Indeed, our study has some limitations. The small number of patients was followed-up for a short period in this retrospective study, and our results have to be verified by more studies with larger sample size and longer follow-up period. Additionally, younger patients with mCNV were not enrolled as controls to evaluate the treatment efficacy of Conbercept because we mainly concerned of the older patients and some of the younger patients cannot meet the inclusive criteria in this study, thus a prospective study may be designed to evaluate the difference efficacy of Conbercept between the younger group and the older group in the future.

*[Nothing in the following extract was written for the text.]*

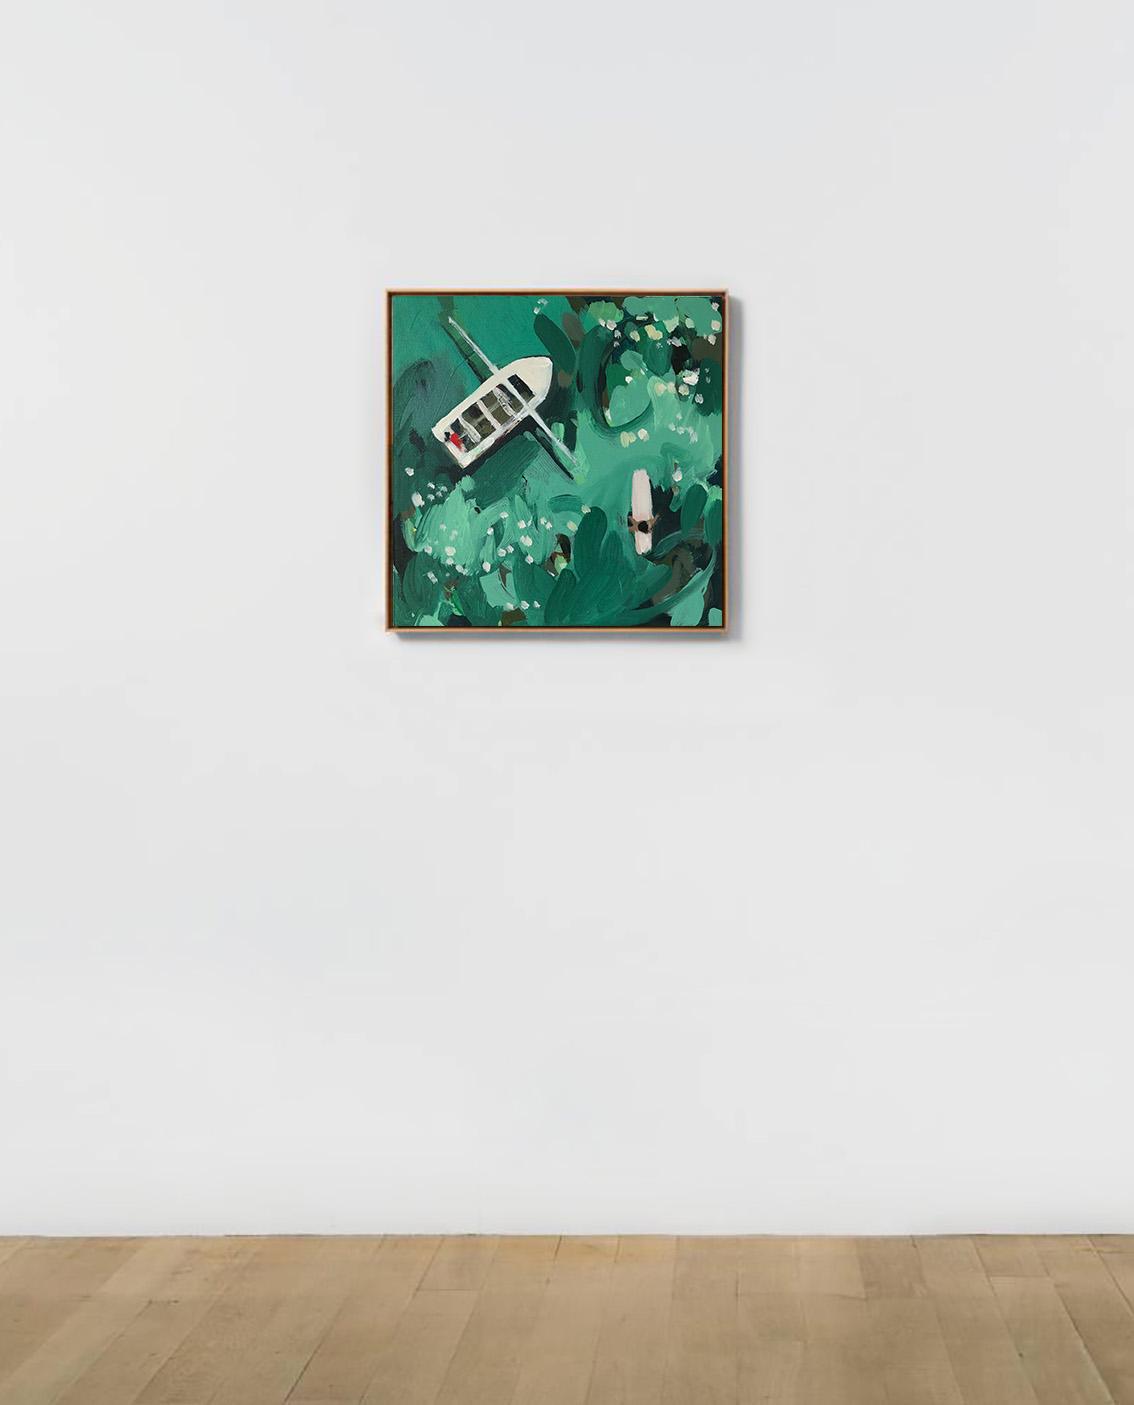 Sri Lanka Surf  Acrylic on canvas 30cm x 30cm  £500

In conclusion, our study showed that older mCNV patients (over 50 years old) had worse vison, thinner choroid, and increased vitreoretinal interface abnormalities than younger patients. In addition, baseline BCVA, ELM, CNV lesion size, and CNV lesion location were correlated with BCVA after one year of Conbercept therapy. Baseline CMT may be a predictor of relapse in older mCNV patients during the one-year follow-up. Therefore, more attention has to be given to patients with a thicker macula at baseline, since it was one of the risk factors for recurrence and the patients may need more retreatment. This still needs further investigation.